RC: W4 D1 — Designing the in-memory component of my LSM storage engine

March 4, 2024

Today, I started designing at a high-level what the in-memory component (“memtable”) of my LSM storage engine would look like.

LSM-based storage engines usually contain a cascade of memtables: only one is active (the one in which key-value pairs are written) and the others are immutable and will be flushed to disk at some point. This design can be summed up with the drawing hereunder:

                                                       Key-value pair
                                                       
                                                             |
                                                             | Write
                                                             |
                                                             V
     +------------+         +------------+    Freeze   +------------+
     | Memtable n |   ...   | Memtable 1 |  <--------  | Memtable 0 |
     +------------+         +------------+             +------------+
           |
           | Flush to disk
           |
           V
      +---------+   +---------+       +---------+
      | SSTable |   | SSTable |  ...  | SSTable |
      +---------+   +---------+       +---------+

So far, I have implemented a red-black tree that works for insertions and lookups.

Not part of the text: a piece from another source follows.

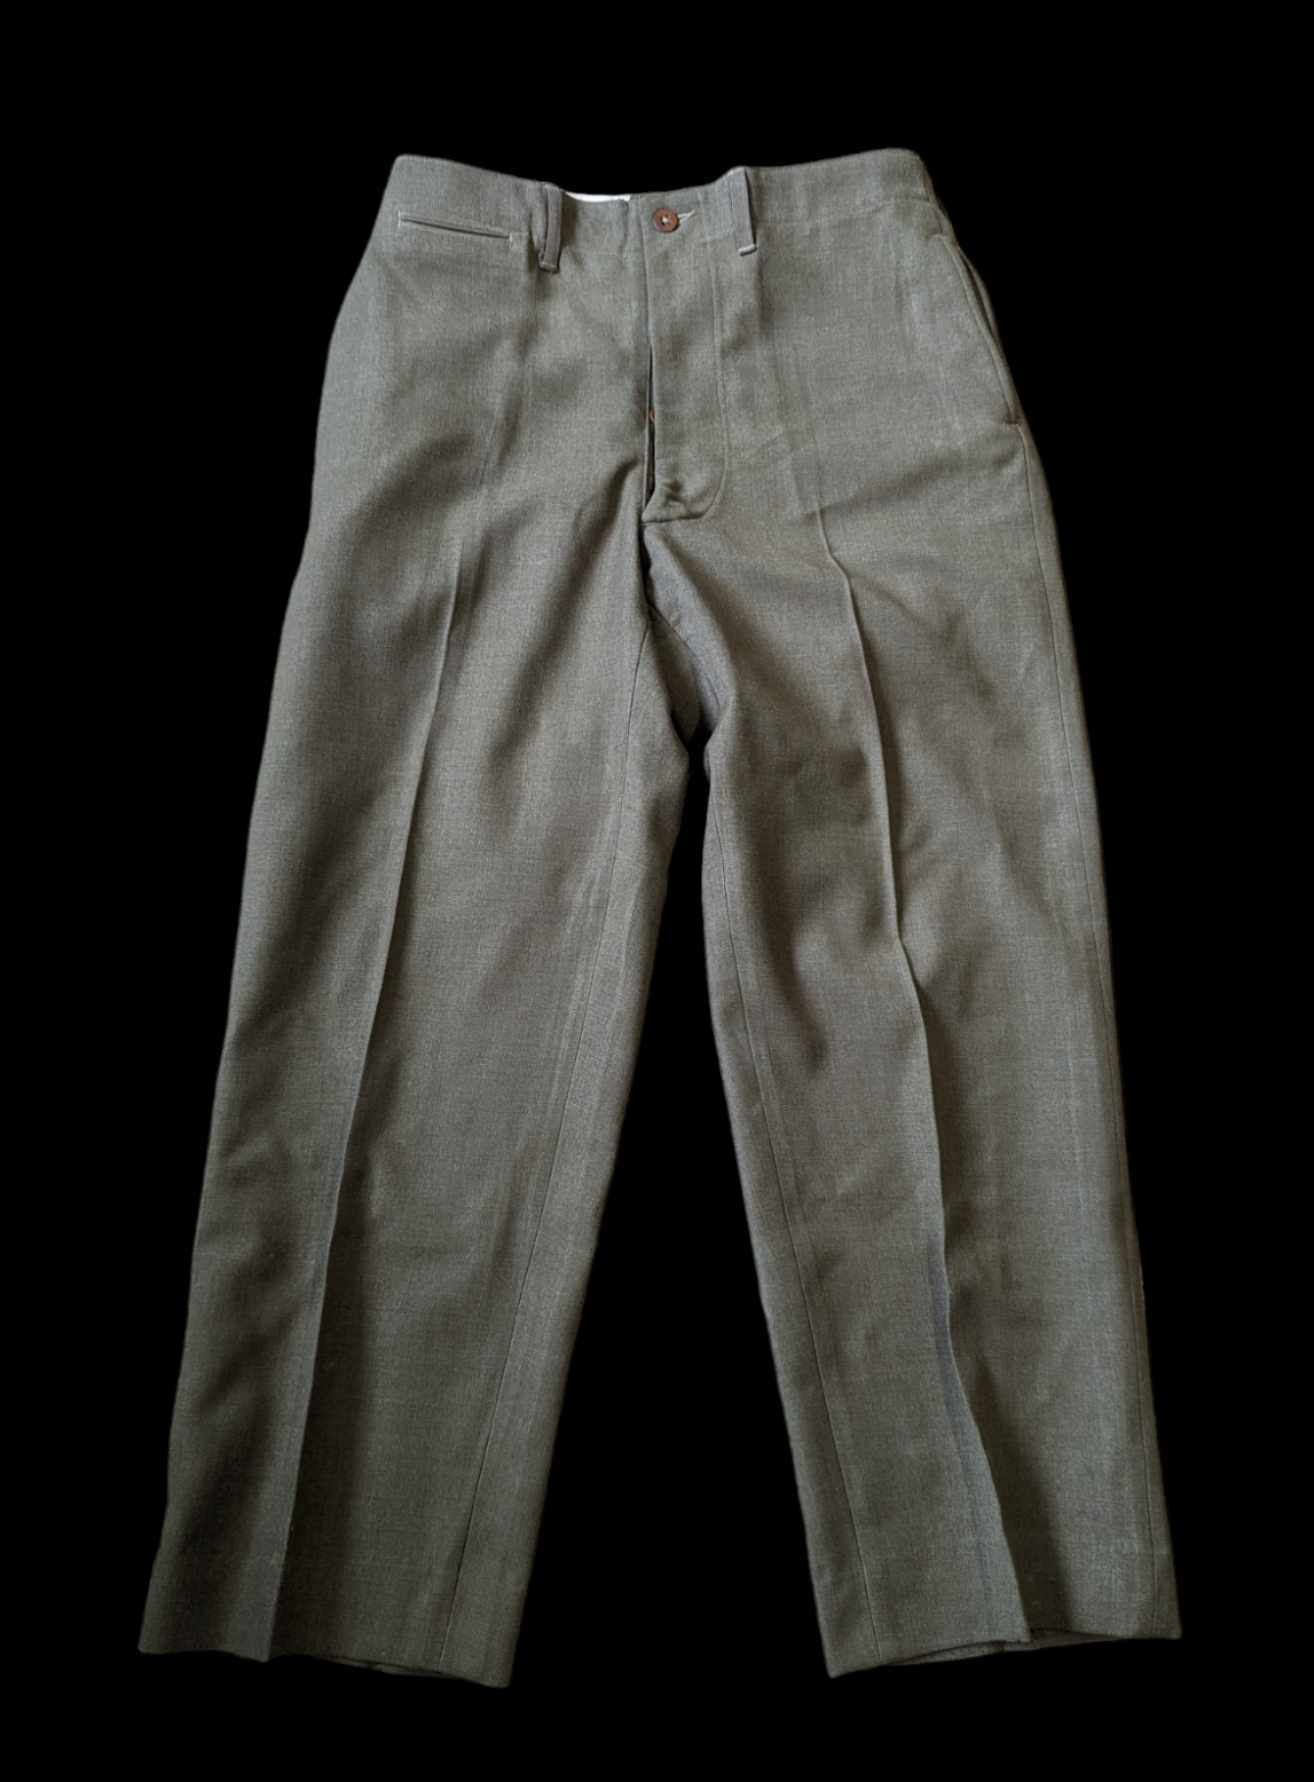 militaria : pantalon moutarde US m37 32x29/ US ww2 m37 trousers laundry

This will be the data structure for my memtables, but other data structures could have worked as well, such as AVL trees or skip lists. (After having implemented my red-black tree, I discovered that real systems in production actually use skip lists… 😅. I will keep mine as a red-black tree, and might change this to a skip list later if I have time!) As far as I know, it doesn’t seem to matter much which data structure we choose, as long as it allows to keep the data sorted and allows for inserts and lookups in logarithmic time.

Here are the other objects that I will be using:

Today, I dealt with record encoding and decoding in the Record class. Tomorrow, I will start digging into the “freezing” of memtables!